An important advantage of the MSA method is its robustness. The numerous preprocessing steps needed for reliable source reconstruction improving the signal-to-noise ratio such as trial inspection/rejection, and ICA decomposition followed by manual component suppression, are not necessary and were not applied when performing MSA calculations in the present study. The MSA method is applied in a completely automatic manner and thus is less sensitive to user qualification/experience.

The motor tasks with a visual cue as the trigger were chosen in the current study as prospective tasks to be used in brain computer interface (BCI) applications of four-limb exoskeleton control [8], in patients with tetraplegia. The “FlexElbow” motor task is typical for BCI paradigms and our results show that our method can be used efficiently on single subjects to localize activity related to this task.

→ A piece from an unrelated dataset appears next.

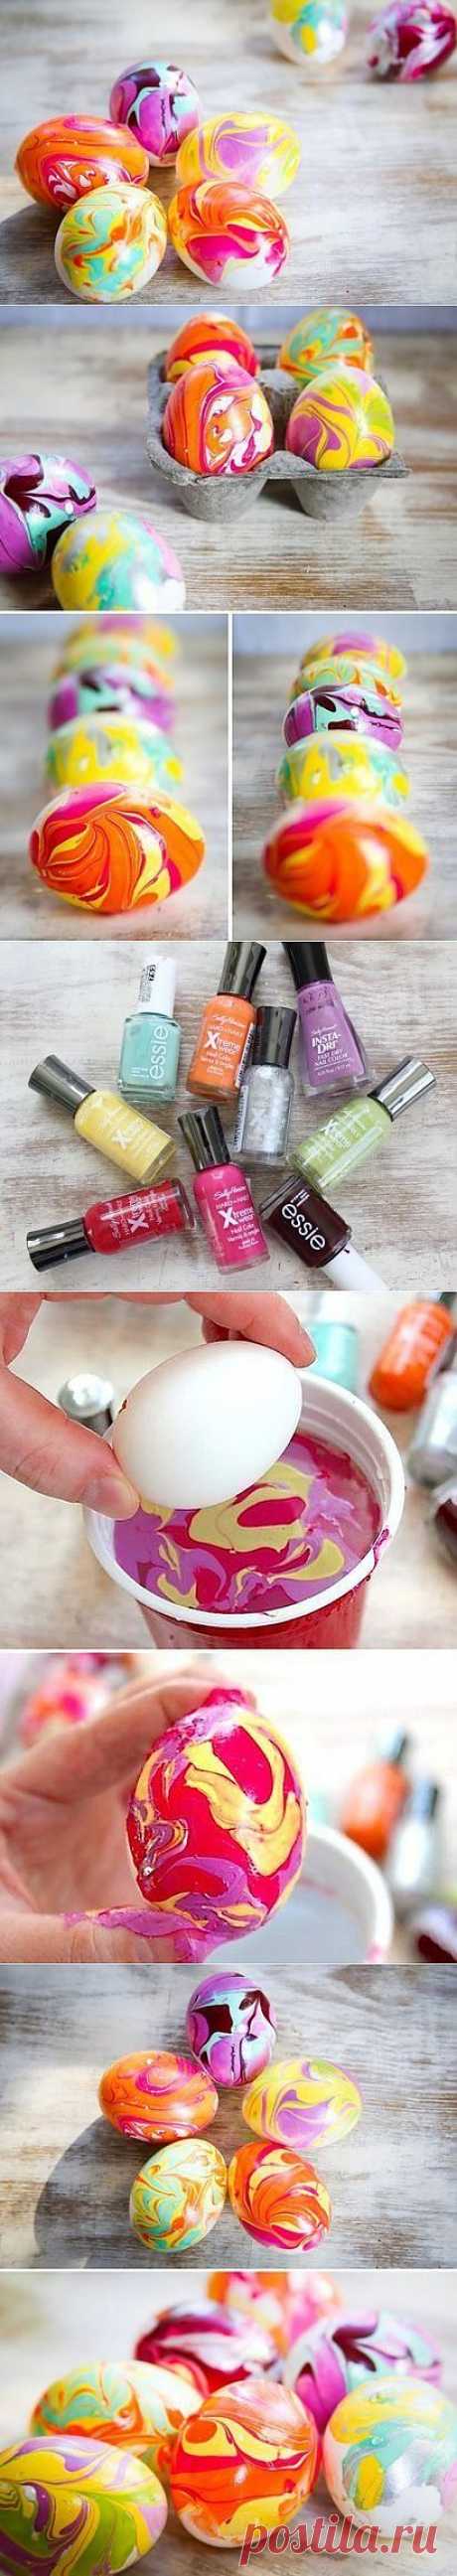 Как покрасить яйца на Пасху - мраморный дизайн.

An important perspective is the exploration and testing of both MSA and wMNE approaches in subjects with motor disabilities (e.g., persons with paraplegia and tetraplegia). In these patients, movement attempt-related brain activity should be analyzed. The methods are currently being applied to MEG data from both healthy subjects and patients, in a clinical trial (reference number NCT02574026) which focuses on functional mapping in various real and imaginary movements. Further study will bring new insights into the respective advantages of the MSA approach compared to source reconstruction.

5. Conclusions

All in all, the MSA is a method for multimodal analysis of multi trial recordings from co-localized (possibly different) sensors and with informative content in temporal and frequency domains. The example of application is sensorimotor cortex localization using MEG recording with a pair of gradiometers. A regression-based MSA integrates multi-sensors and multi-frequency information to estimate task-specific brain activations using cross validated, shifted, multiple Pearson correlation. The proposed method was compared to the benchmark wMNE source imaging method using MEG recordings performed in fourteen subjects during two motor tasks. The MSA approach provided good localization performance when compared to wMNE and a statistically significant improvement of robustness against ill-defined triggers. The improvement of robustness may be especially important in the use case of patients with motor deficits, when synchronization of trials is uncertain. In conclusion, the MSA statistical approach can be preferable to analyze a restricted MEG dataset if the frequency content of the signal is essential, and stability of the localization solution is sought. Further study is needed to clarify noise steadiness and characteristics depending on the amount of data.

The proposed method may be useful for other applications of multimodal analysis of multi trial experiments with moderate uncertainty in trials synchronization, e.g., in the fields of telecommunications, earthquake detection, or medical ultrasound imaging (wavefront correction).